About this exercise:
Look through the entries below and copy exactly the part that begins with the line containing "Polaroid EE 66." and ends with the line containing "New Balance banner". Do not copy the pictures.

Provided material:
________________

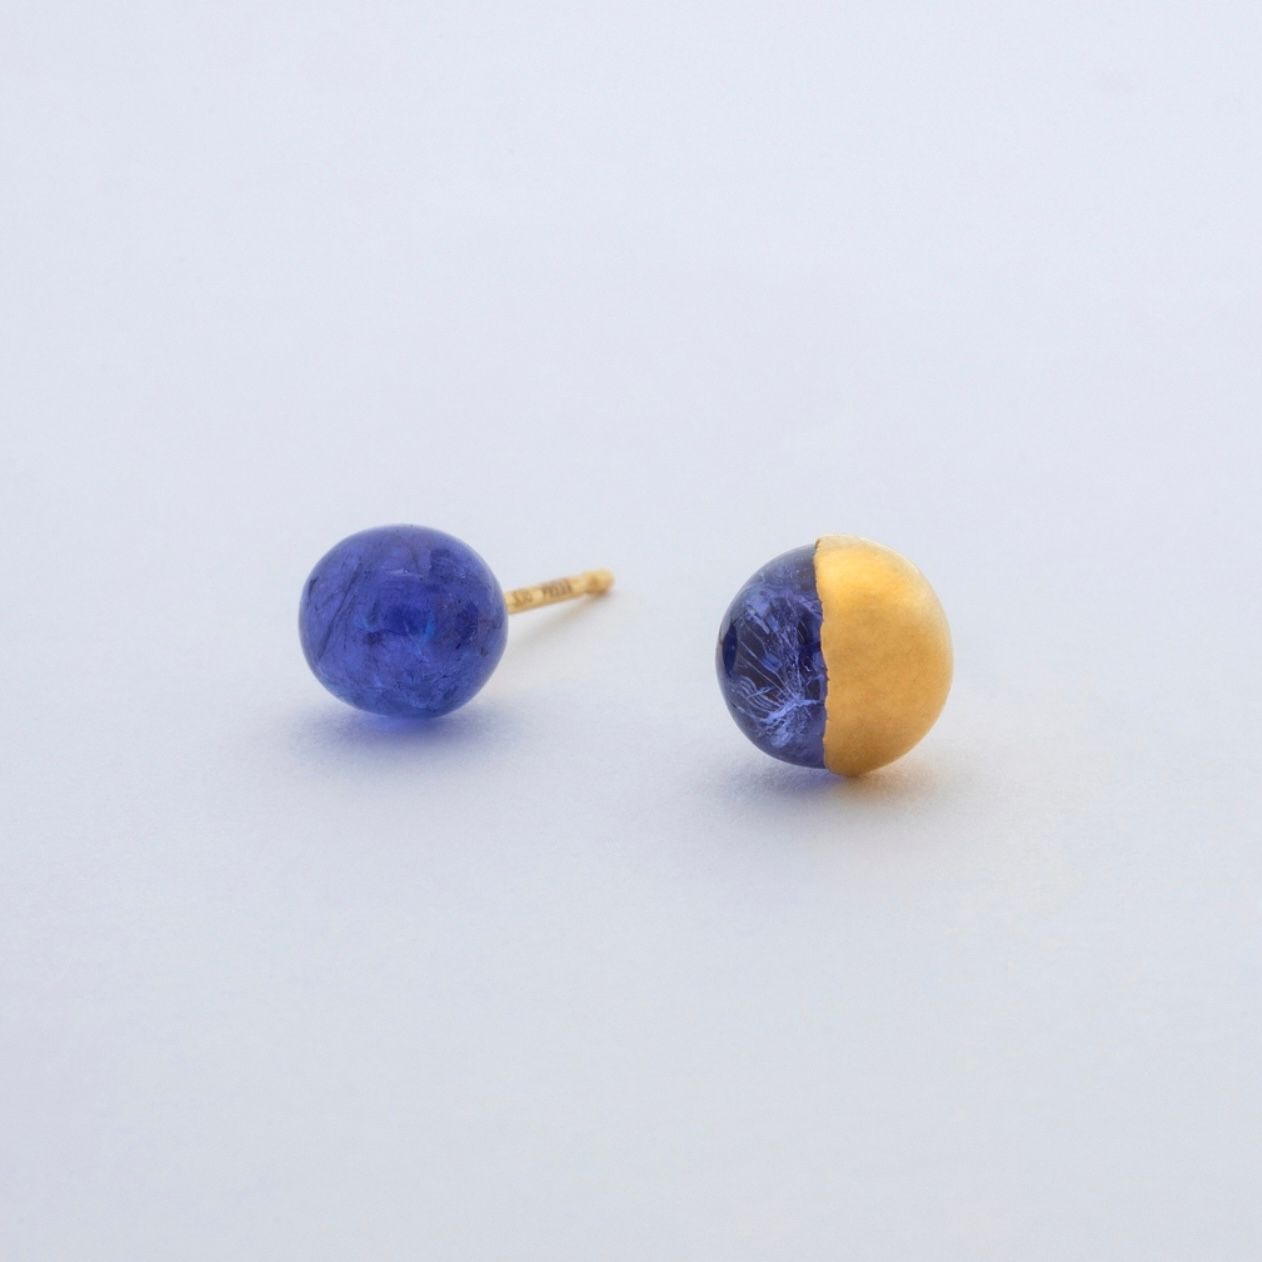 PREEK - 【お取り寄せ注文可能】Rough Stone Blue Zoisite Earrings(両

________________

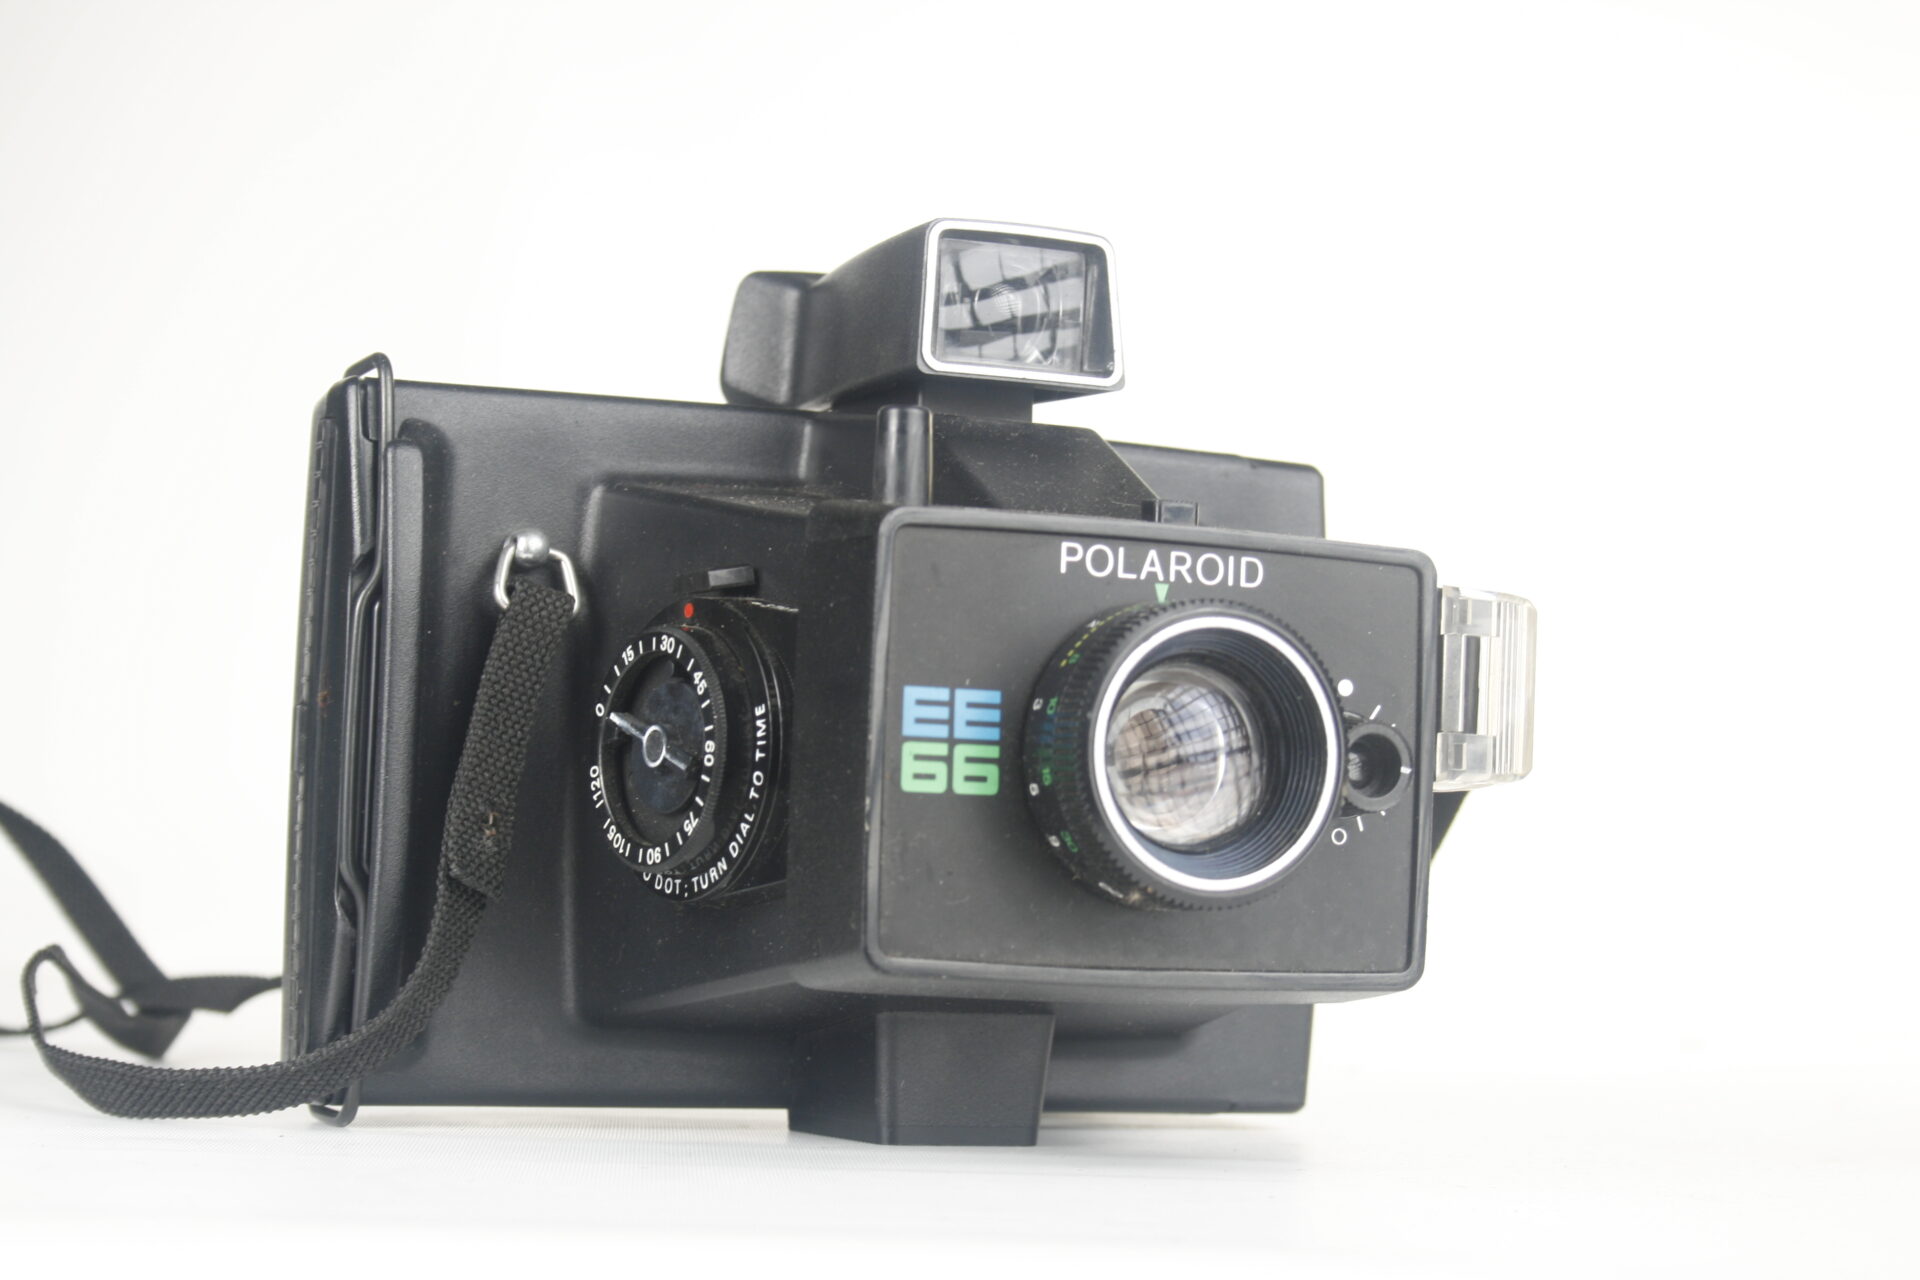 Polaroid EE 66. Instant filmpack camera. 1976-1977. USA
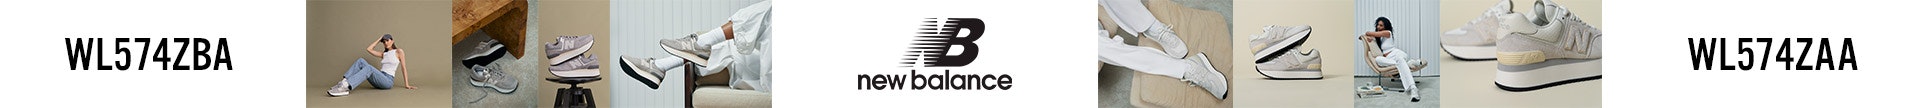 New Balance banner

________________

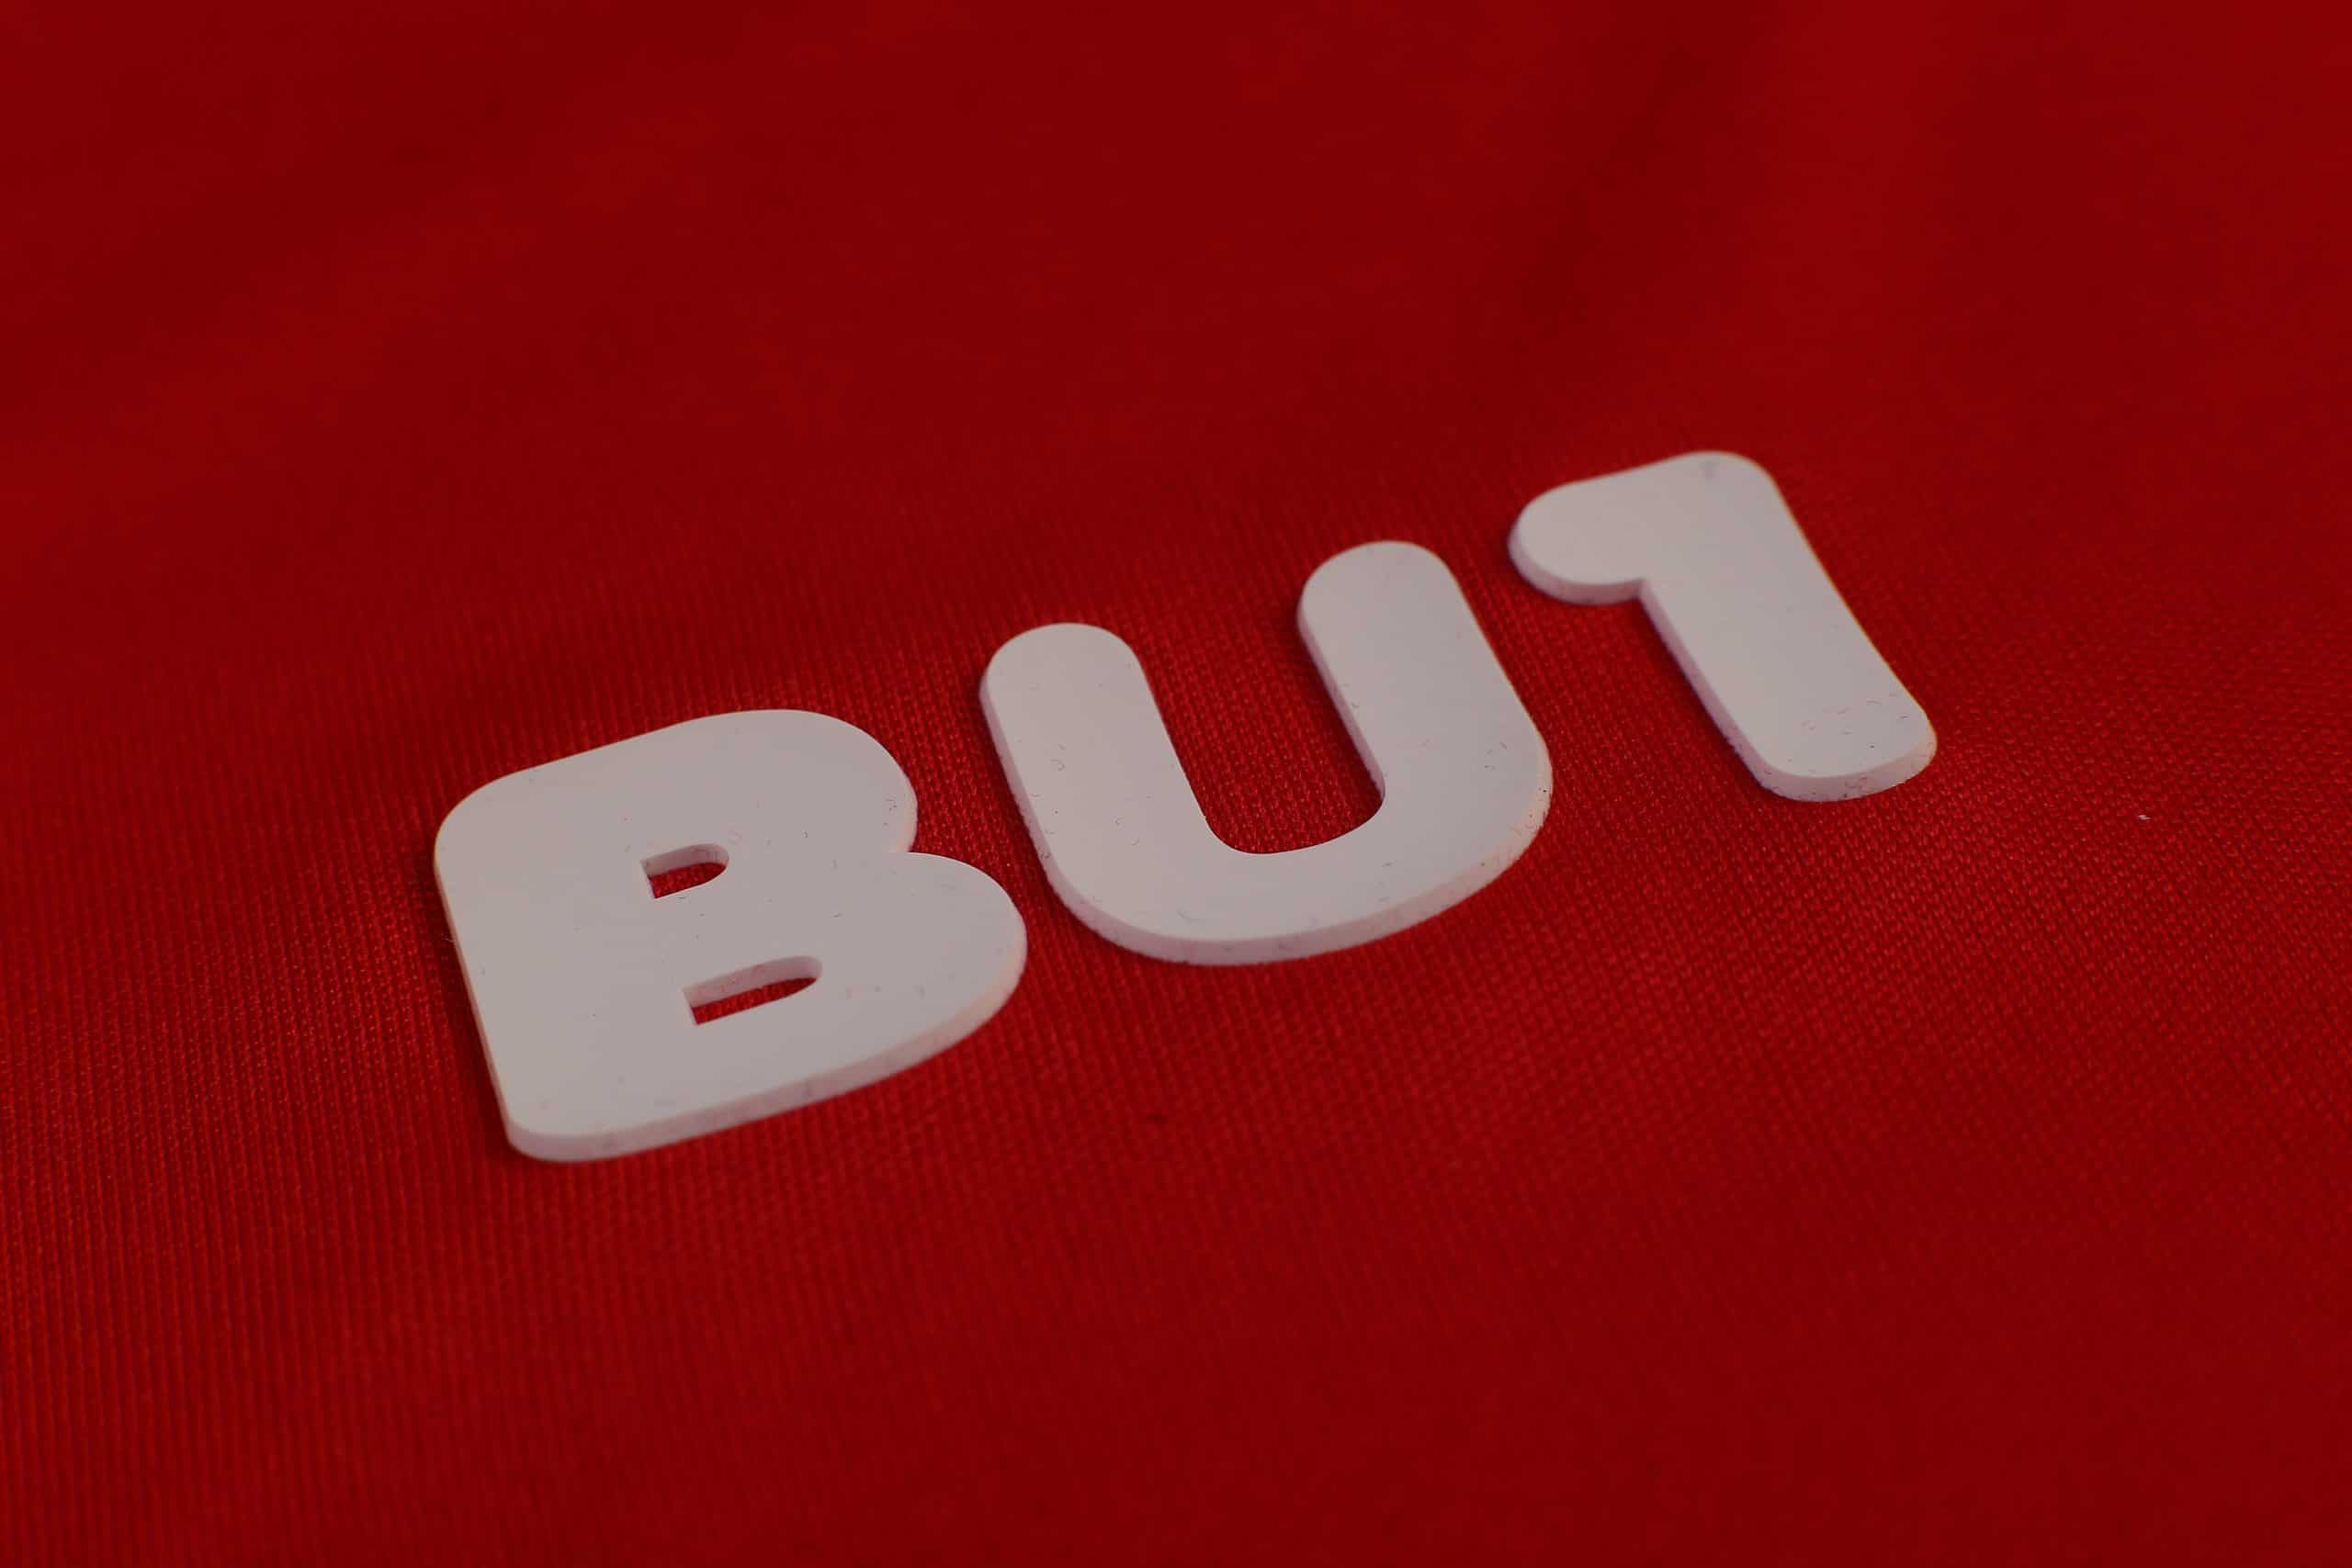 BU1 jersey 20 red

________________

Answer box:
 Polaroid EE 66. Instant filmpack camera. 1976-1977. USA
 New Balance banner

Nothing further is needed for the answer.